LOTS AND LOTS (RHYMING CHILDREN BEDTIME STORIES)

Written by Peter Collier

Lots and Lots pic

What a refreshing collection of amusing short stories written in rhyme! This collection is very different from the typical bedtime fairytale or animal story. I especially like the fact that the featured character is a very bright little girl named Frances Nicolson, who just can’t stop asking questions. She inquiries about common everyday activities like baking a cake without a recipe and using the wrong kind of pebble as a skipping stone. Frances questions her neighbor about the funny words he uses like, “Hunky Dory” and “old curmudgeon.” She refuses to believe in tales like the Loch Ness Monster because they can’t be proven. Her imagination is unlimited: Frances uses her own backyard to go on an African safari, have tea with kings and queens, and climb the world’s highest mountain.

Frances’ curiosity is insatiable. Some of her questions include:

Do you have any bellybuttons?
If chickens are boneless, how could they walk?
What’s the difference between hunks and chunks?

When the circus came to town, Frances had all sorts of questions for the clowns like what is the reason for their baggy pants and why don’t they get dizzy from standing upside down all the time. Frances has a friend named Susan Jane who has a habit of exaggerating the truth. That exasperates Frances because she just has to have the right answer! There is only one time when Frances is quiet. Can you guess when?

The bottom line of this enticing book is that you cannot learn without asking questions. That might be annoying to parents and teachers, at times, but it is the way all children enrich their minds. Collier is to be commended for a clever story line and a character who represents a wonderful role model for children.

MONSTER MELANGE

Monsters I Know (Rhyming Bedtime Stories

Written and illustrated by Peter Collier

MonstersIKnow, picThis book would make a delightful Halloween read. The types of monsters are unorthodox and most of them are not very scary! First, the reader encounters The Big Foote Belly Button Lint monster. He lives at the feet of Thomas Mcfee’s bed. It began as some belly button lint and grows bigger every day eating only colored string. There is a Hungry Tree who walks about eating farm animals, the Smelly Kiss, Smelly Sam stomach gasses monster, a Spaghetti Dinner Monster, and the Dead End Rubbish monster.

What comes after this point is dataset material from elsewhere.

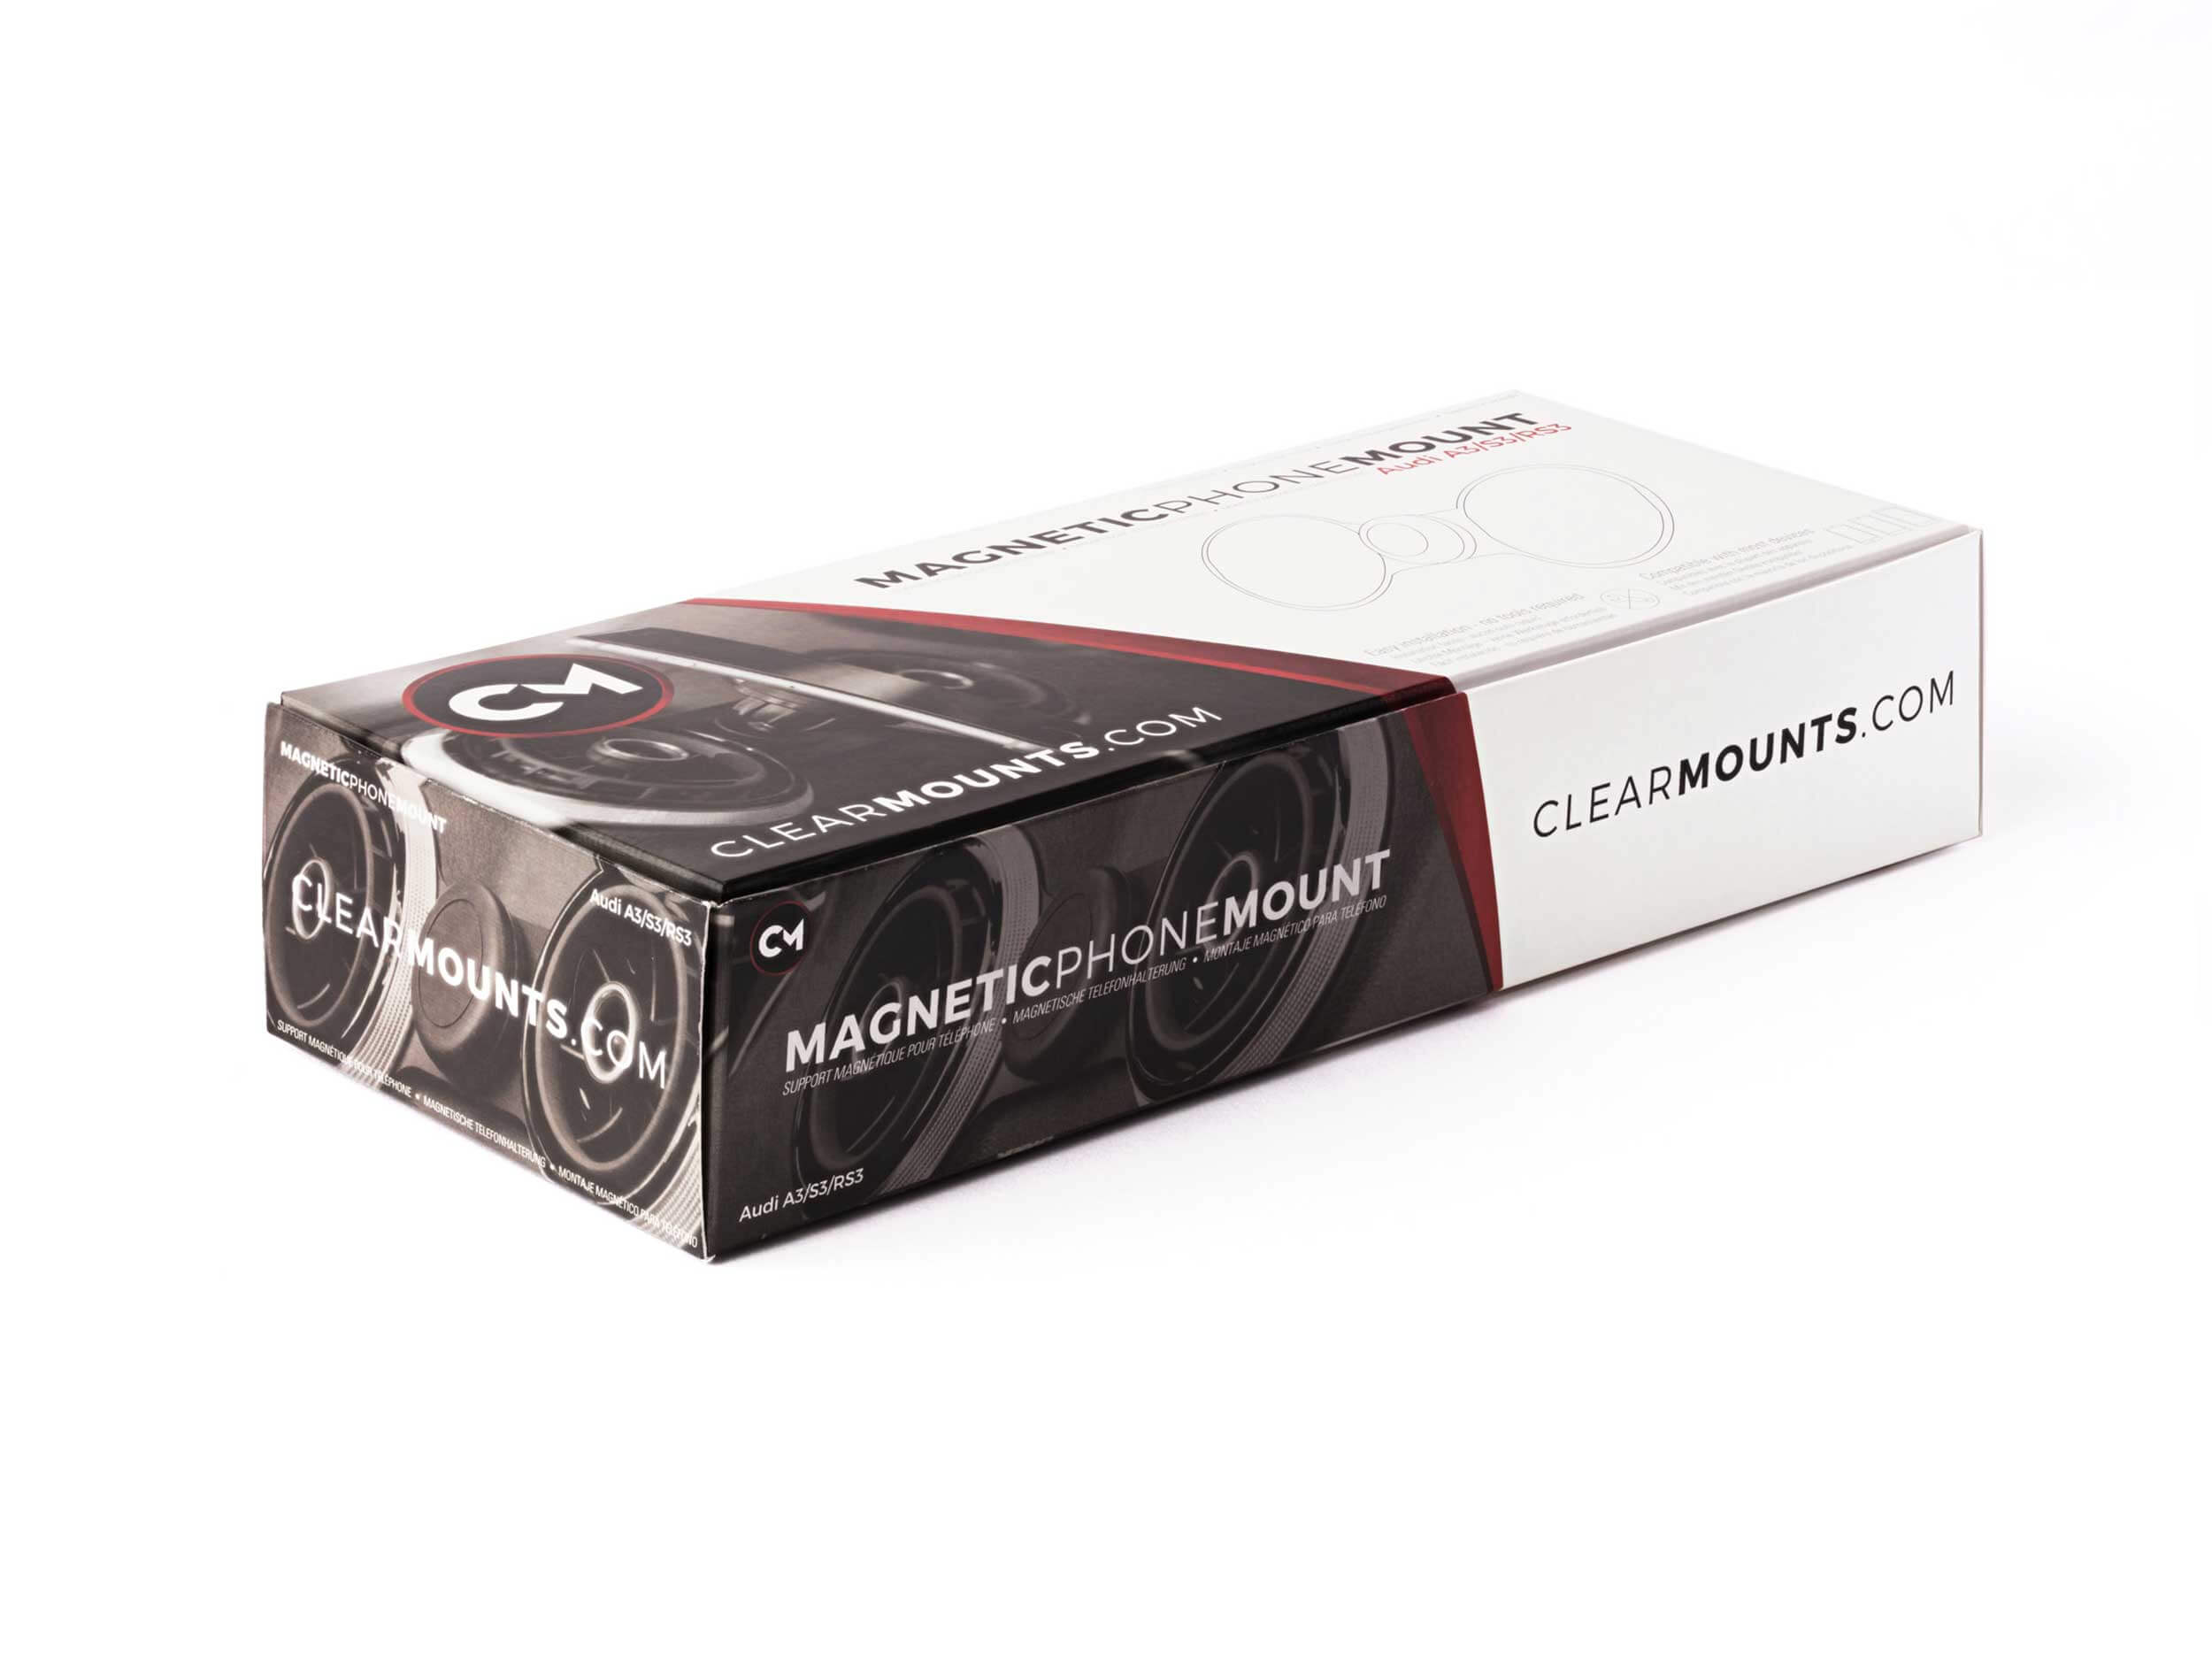 Clearmounts – Packaging 08

Perhaps the scariest is the cursed School Chair monster.
The author describes it as,

“One moment you’re there
and the next you’ll be gone;”

The Jones family certainly lived to regret not getting rid of The Fridge. I won’t give away its secrets except to say,

“No one goes near it anymore:
Never will anyone open its door;
All it does now is snarl and snore.”

Children age six and up will love the absurdity and the silliness in these rhymes, although some of the vocabulary will not be understood by younger readers This kind of slapstick humor is especially appealing to middle grade boys. Although the concepts are clever, the rhymes are sometimes a bit forced. There are some issues with punctuation and line placement. In this kindle version, the illustrations are very small. Larger pictures would have added a lot more to the desired effect of the tales. On the other hand, if you are looking for a very different and funny Halloween book of short tales, this one will surely fit the bill.